1+1=3
The House Gallery
1+1=3
In one of the traditional apartment blocks of the EUR district, the Client purchased two separate apartments, one below the other, on the 1st and 2nd floors: the challenge presented by the project was to combine the two apartments into a single residence, creating, from the point of view of the spaces, something considerably more significant than the sum of the two apartments, as regards both the light (the first-floor apartment was quite dark before the work) and the heights (the individual apartments in this kind of building have a storey height of 2.80 metres, which in large spaces can appear narrow).
So what the project sought to do was to combine the spaces on the first and second floors, first of all with a beautiful internal staircase. Entering the large hall of the home from the entrance, immediately opposite is the staircase, a vertical element of striking sculptural force, able to take the observer’s eye from the first up to the second floor. Technically, the staircase is also a piece of skilful craftsmanship, designed on an ellipse with a very small minor axis that creates a flying helix where the radii of the curves of the wood and glass challenge the limits of the possible.
Secondly, the connection between the two floors is strengthened by a large, square-shaped opening (250×250 cm.), aligned with the rectangular opening containing the ellipse of the staircase; this allows the light from the bright upper floor to flood into the lower floor, helping to construct an immediately perceptible sense of spatial unity. Displayed around these elements, in the large sitting room, is the owner’s collection of photographs, conceived as an art gallery around the residence.

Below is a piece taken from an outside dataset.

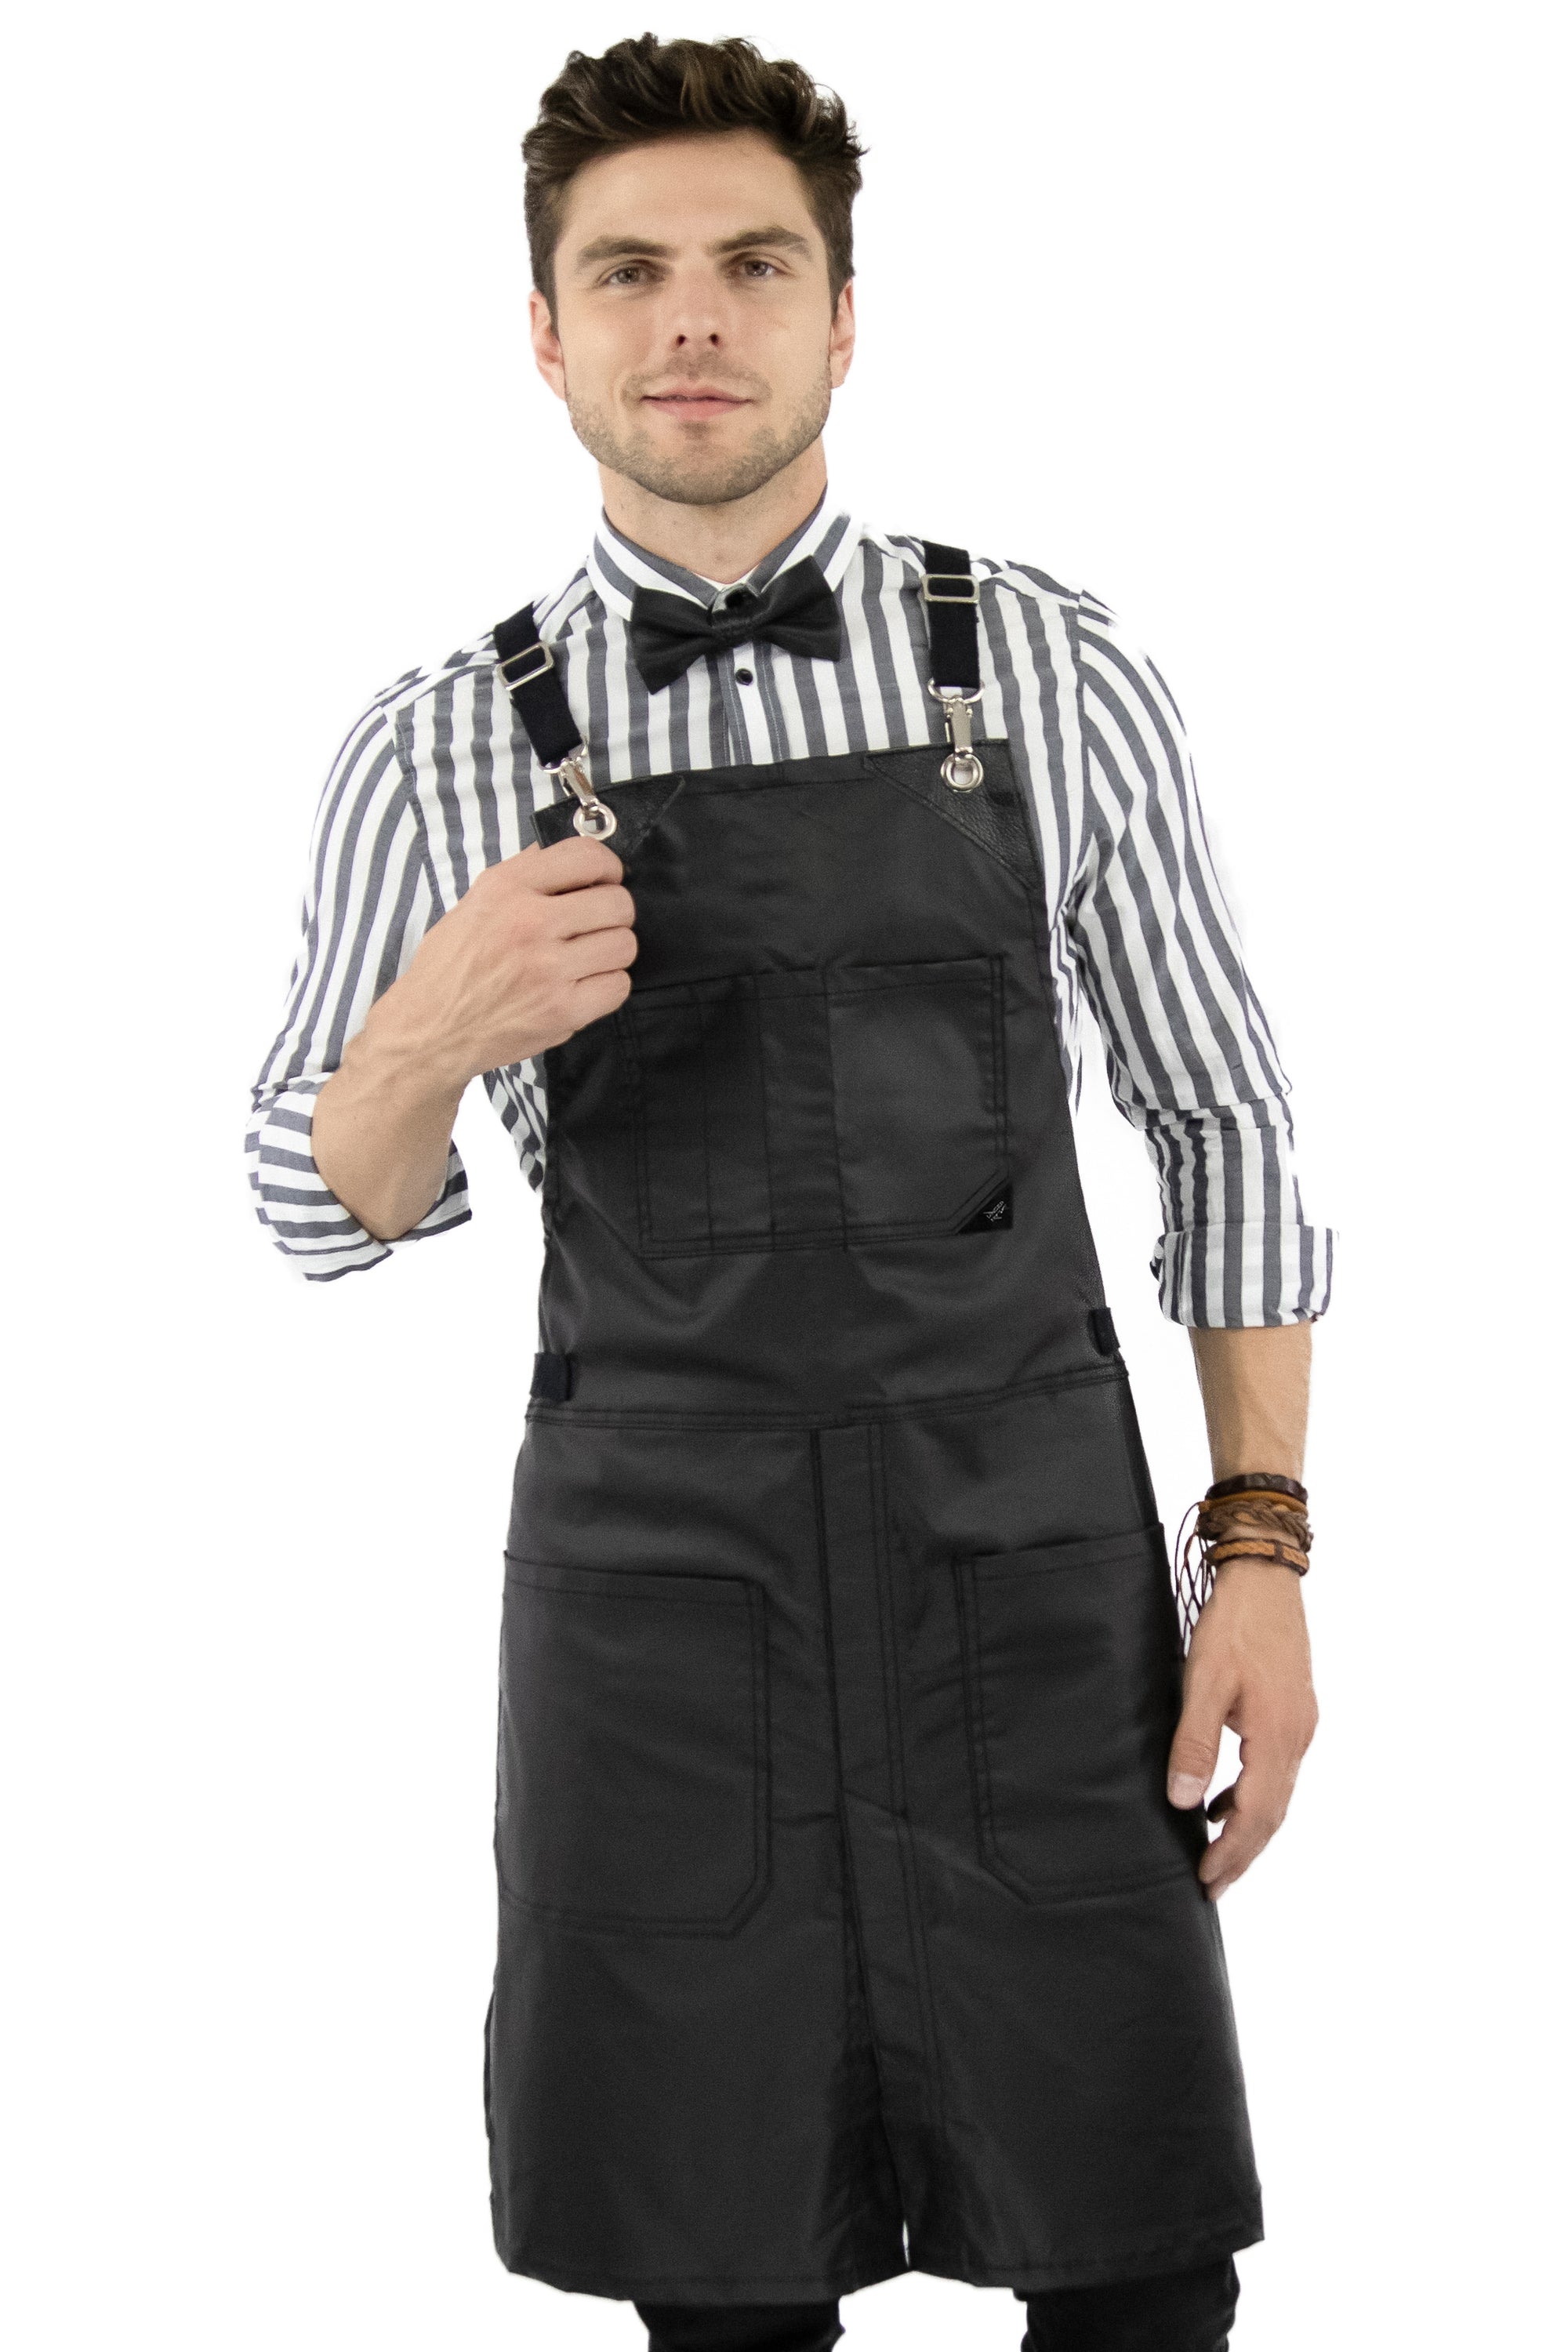 Image Coated Aprons Collection

The choice of the finishes and the quality of the details have also been designed to strengthen the single unit approach, for example with the leitmotivs of a number of materials recurring throughout the home, and in particular with the decision to use the same material for the floor of the first floor apartment and the ceiling of the second, as the only recognisable visual limit: a craftsmanship wooden surface, composed of panels the width of a tree trunk, a deliberately extremely light-coloured maple, a live yet abstract material, just like the naked iron or the fine-quality marble of the bathrooms. The shells at the edge of the ceilings conceal the large reinforced concrete beams and comprise a number of systems within them, controlled by a domotic system the whole home is managed by.
The entrance is deliberately small, so as to leave as much space as possible for the sitting room/gallery, but the hallmark feature is the door, tucked away into the panelling on the walls.
On the whole, the home is characterised by a strongly contemporary spatial concept, with some soft lines (the edges of the false ceiling, the curved shapes) subtly reminiscent of a number of elements of the neighbourhood typical of the 1930s; some of the furnishing elements, museum works of 20th-century Italy, make the link to those years more explicitly recognisable.